CMD ["uvicorn", "app:app", "--host", "0.0.0.0", "--port", "80"]
EOF

docker build -t kv-simulator:v1 .

Deploy this image to minikube.

kubectl apply -f kv-simulator.yaml

kv-simulator.yaml:

apiVersion: apps/v1
kind: Deployment
metadata:
  name: kv-simulator
spec:
  replicas: 1
  selector:
    matchLabels:
      app: kv-simulator
  template:
    metadata:
      labels:
        app: kv-simulator
    spec:
      containers:
      - name: kv-simulator
        image: kv-simulator:v1
        ports:
        - containerPort: 80
        resources:
          requests:
            cpu: "1"
            memory: "4Gi"
          limits:
            cpu: "1"
            memory: "4Gi"
---
apiVersion: v1
kind: Service
metadata:
  name: kv-simulator-svc
spec:
  selector:
    app: kv-simulator
  ports:
  - protocol: TCP
    port: 80
    targetPort: 80

Port forward the service to localhost.

kubectl port-forward svc/kv-simulator-svc 9999:80

I ran the test twice and got the following numbers for the response time:

curl http://localhost:9999/predict | jq

Partial output:

1st:

{
  "status": "Cold Start",
  "latency_seconds": 12.14,
  "cache_state": "Preserved"
}

2nd:

{
  "status": "Warm",
  "latency_seconds": 6.71,
  "cache_state": "Preserved"
}

This simulates how an LLM serving stack behaves when its cache is empty. If I now scale this horizontally the first request again will be a cold start.

Next, I scaled it vertically to 6GB from 4GB. In a production environment, AI workloads are likely running in the Guaranteed QoS class (where requests == limits). Guaranteed QoS reduces eviction risk under memory pressure and makes CPU/memory allocation more predictable.
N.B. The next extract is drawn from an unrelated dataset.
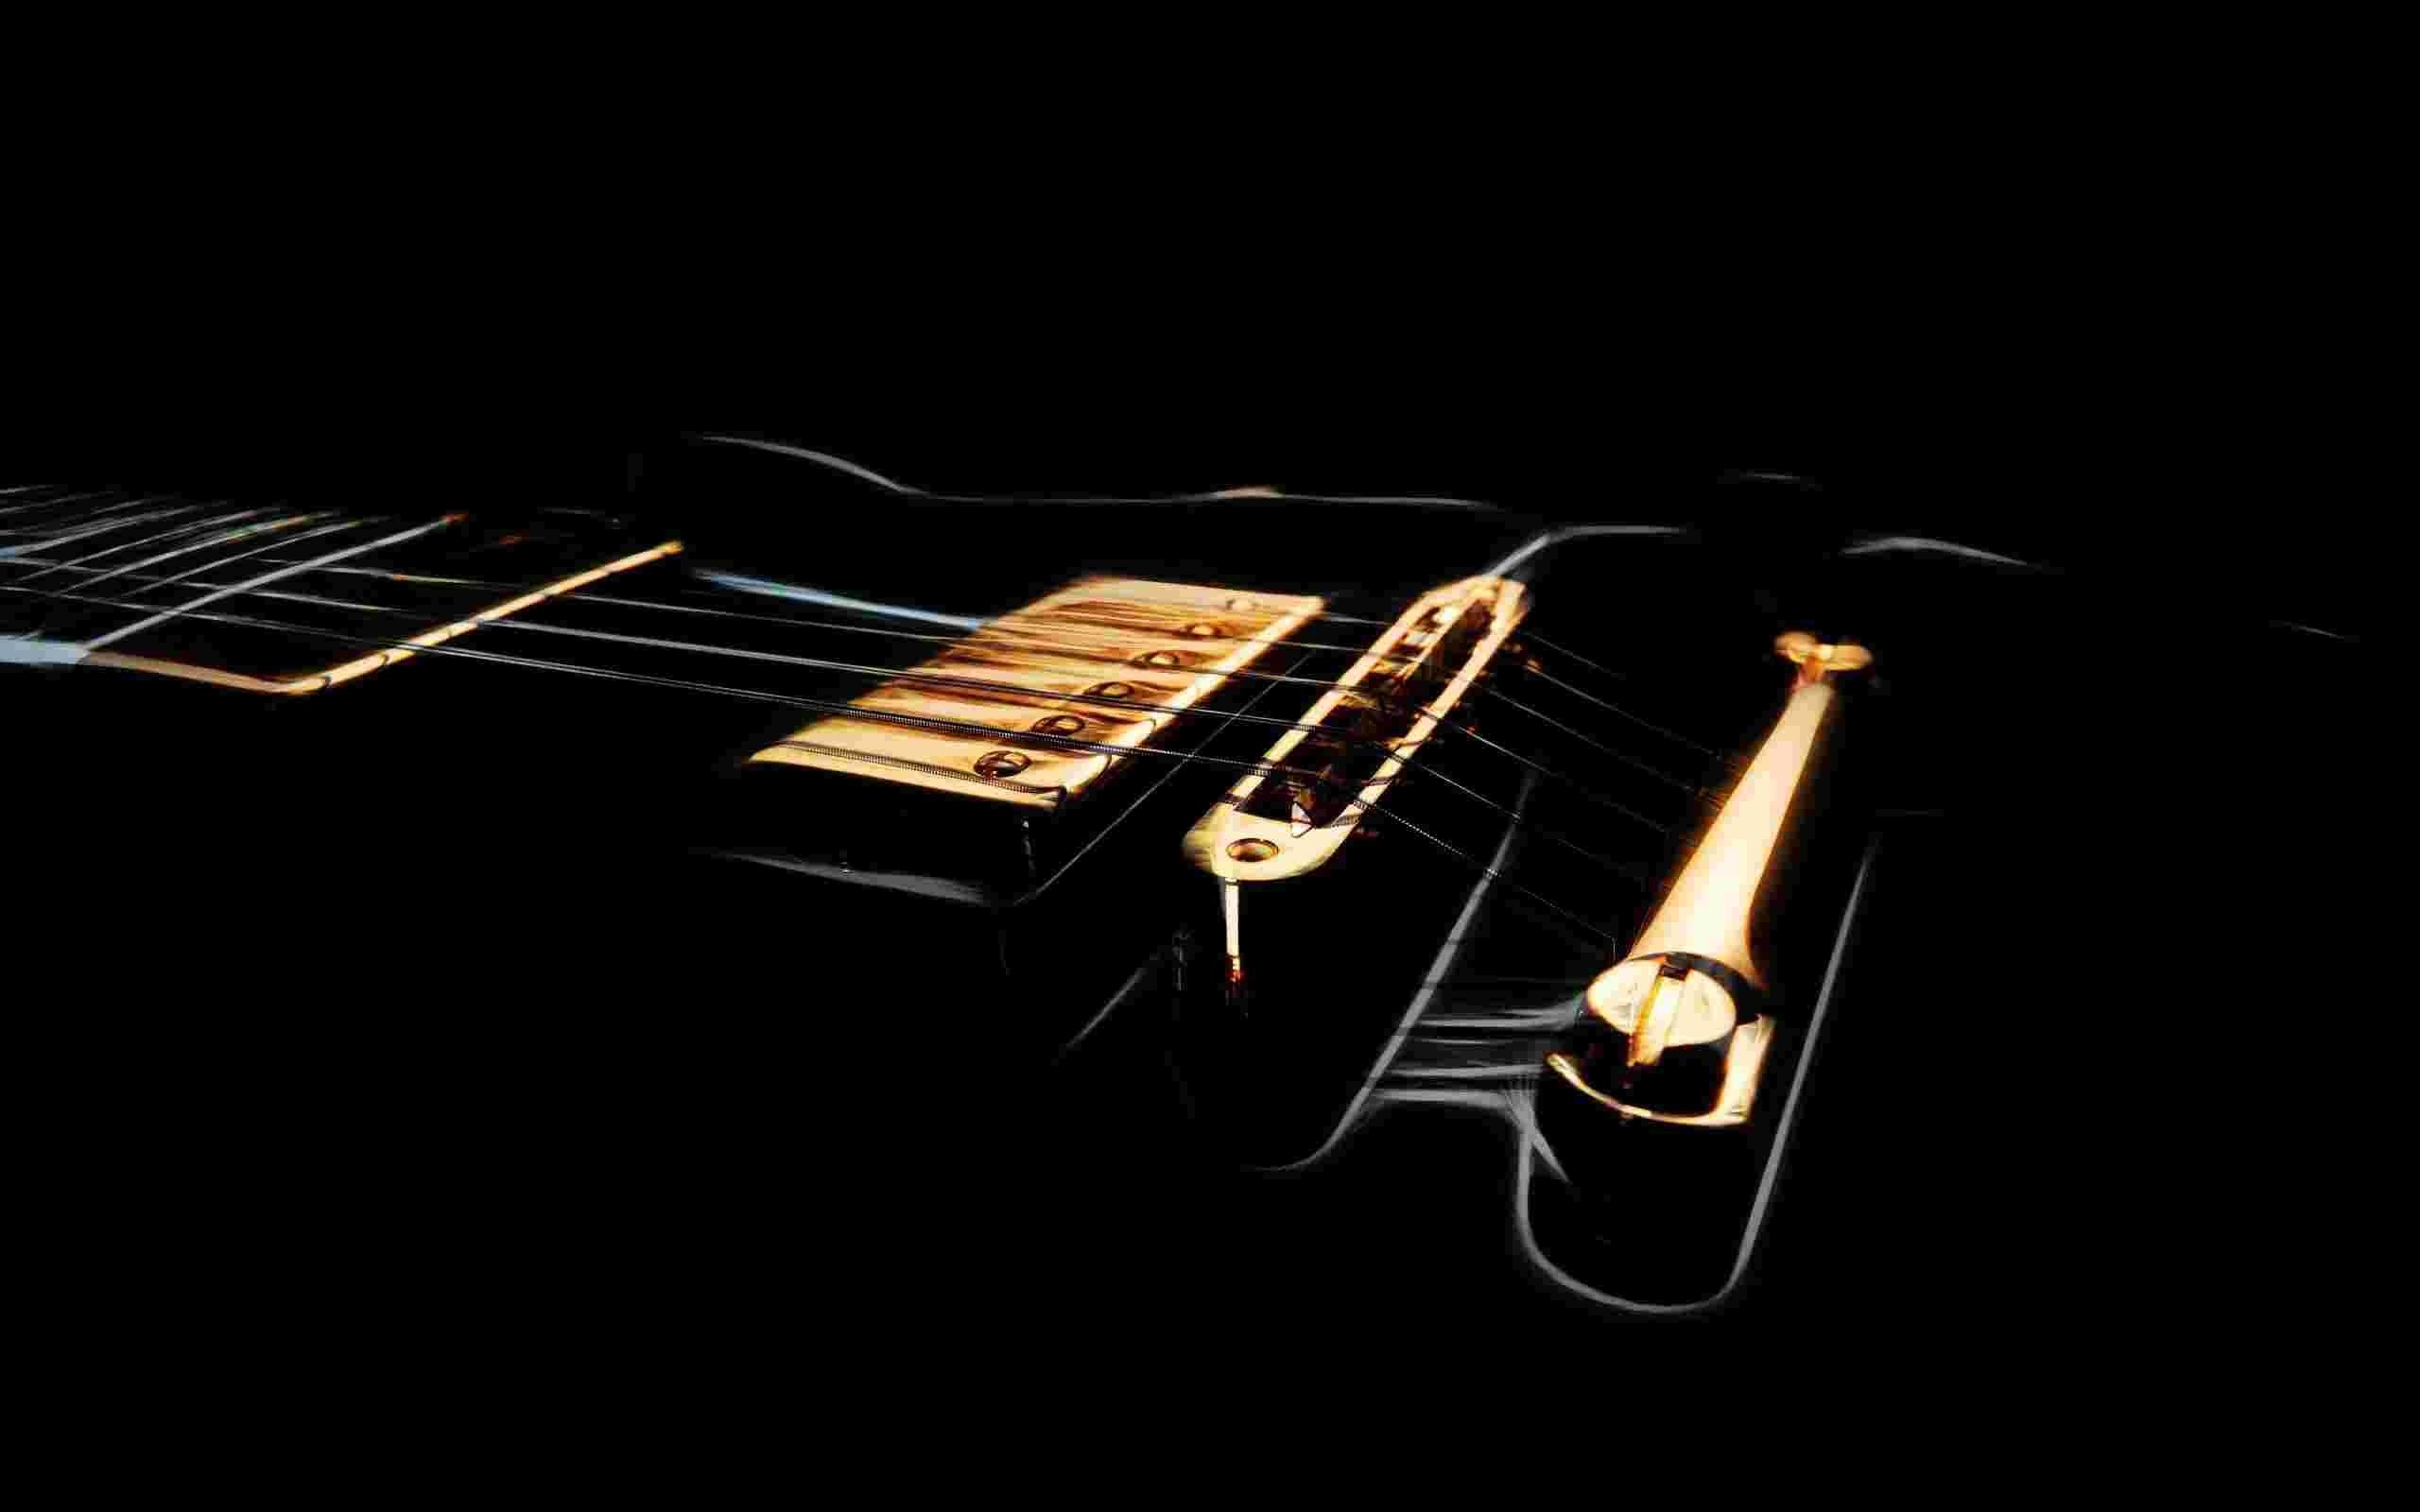 Fender Wallpaper High Resolution – WallpaperSafari

POD_NAME=$(kubectl get pods -l app=kv-simulator -o jsonpath='{.items[0].metadata.name}')
kubectl patch pod $POD_NAME --subresource resize --type='merge' -p \
'{
  "spec": {
    "containers": [
      {
        "name": "kv-simulator",
        "resources": {
          "requests": {"cpu": "4", "memory": "6Gi"},
          "limits": {"cpu": "4", "memory": "6Gi"}
        }
      }
    ]
  }
}'

You can run the following to ensure the deployed generation is newer.

kubectl get pod $POD_NAME -o jsonpath='{.status.observedGeneration}'

Right after the resize, I ran the same test again.
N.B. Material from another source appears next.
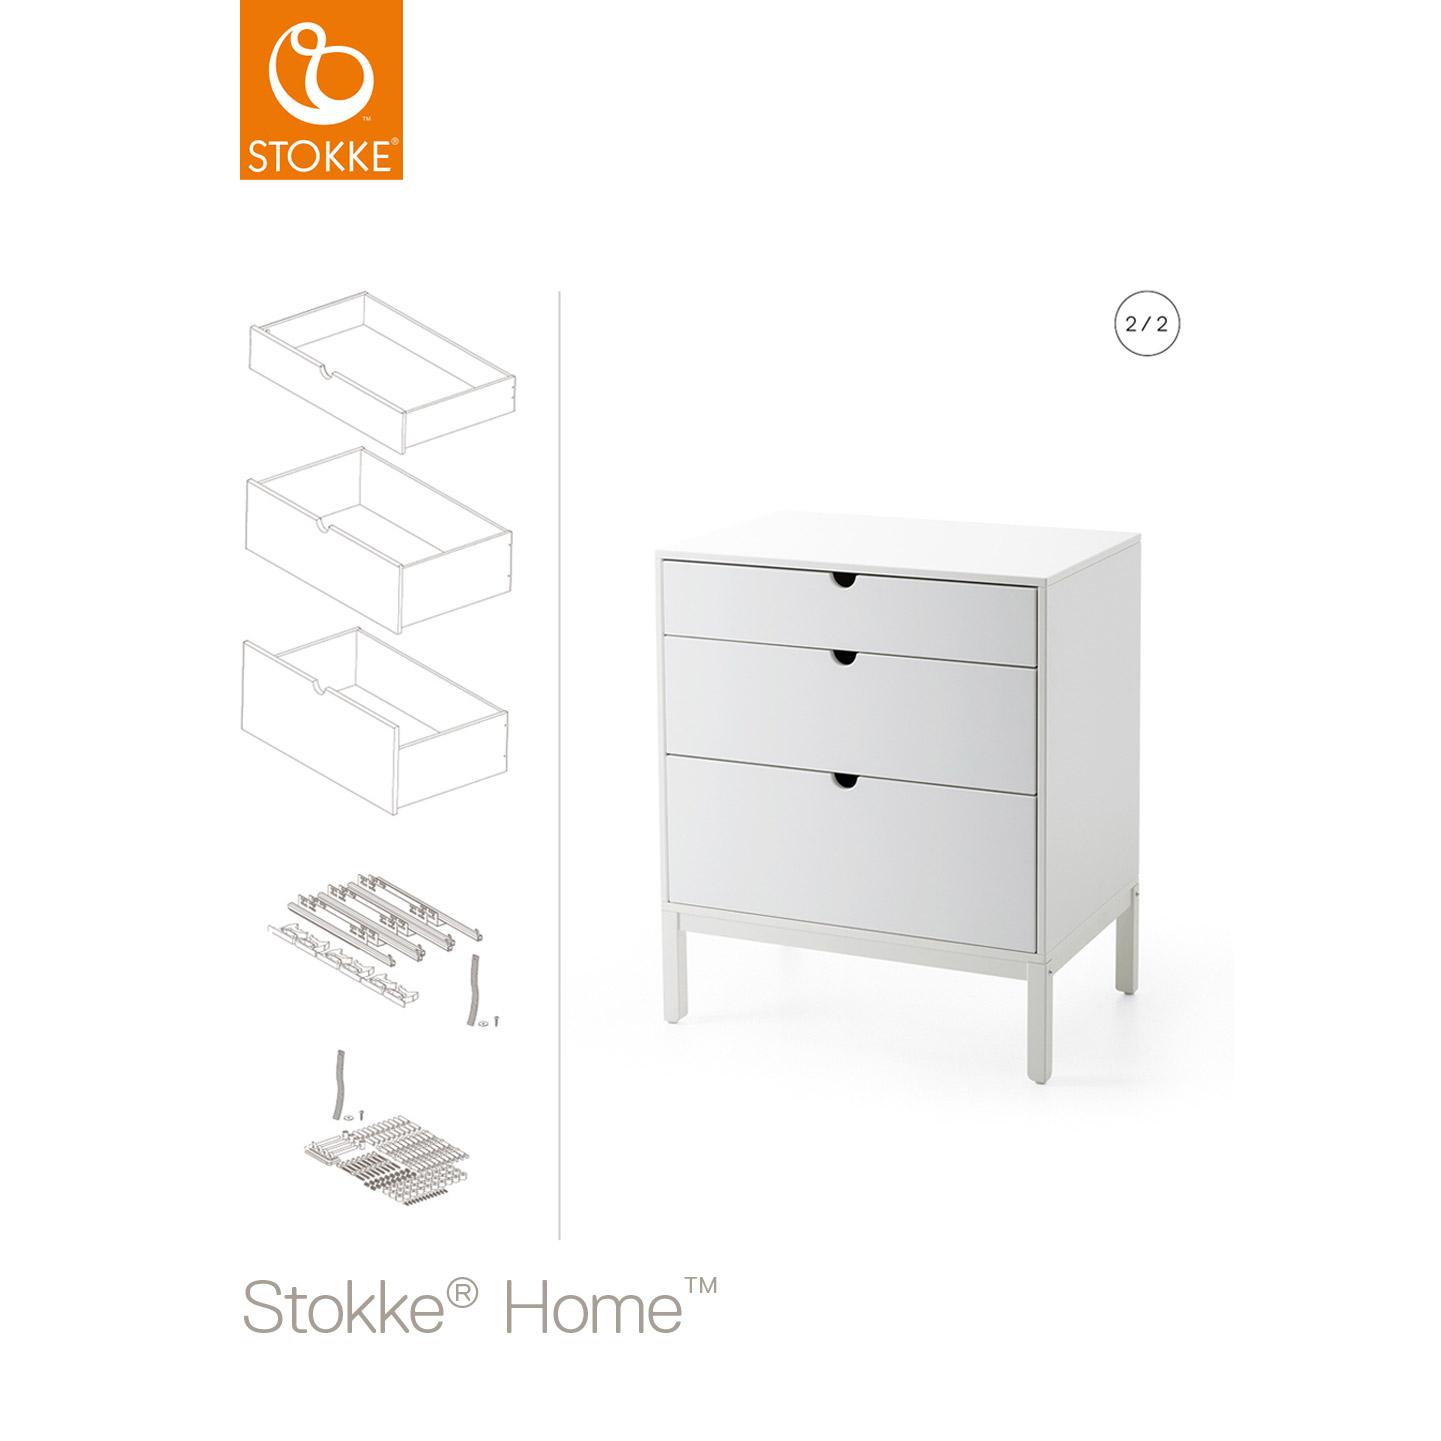 Home tiroirs commode Blanc de Stokke®, Commodes   Aubert 41e057025ac

curl http://localhost:9999/predict | jq

{
  "status": "Warm",
  "latency_seconds": 1.11,
  "cache_state": "Preserved"
}

This demo shows two things. First, in-place resize avoids process restarts, which is a prerequisite for preserving in-memory state such as the KV cache. Second, increasing CPU limits improves request latency for CPU-bound inference paths, since the process can immediately take advantage of additional cores without a restart. Performance impact depends on whether you were CPU or memory constrained.

For the demo I scaled the pods manually in-place. VPA support for in-place resize is still limited.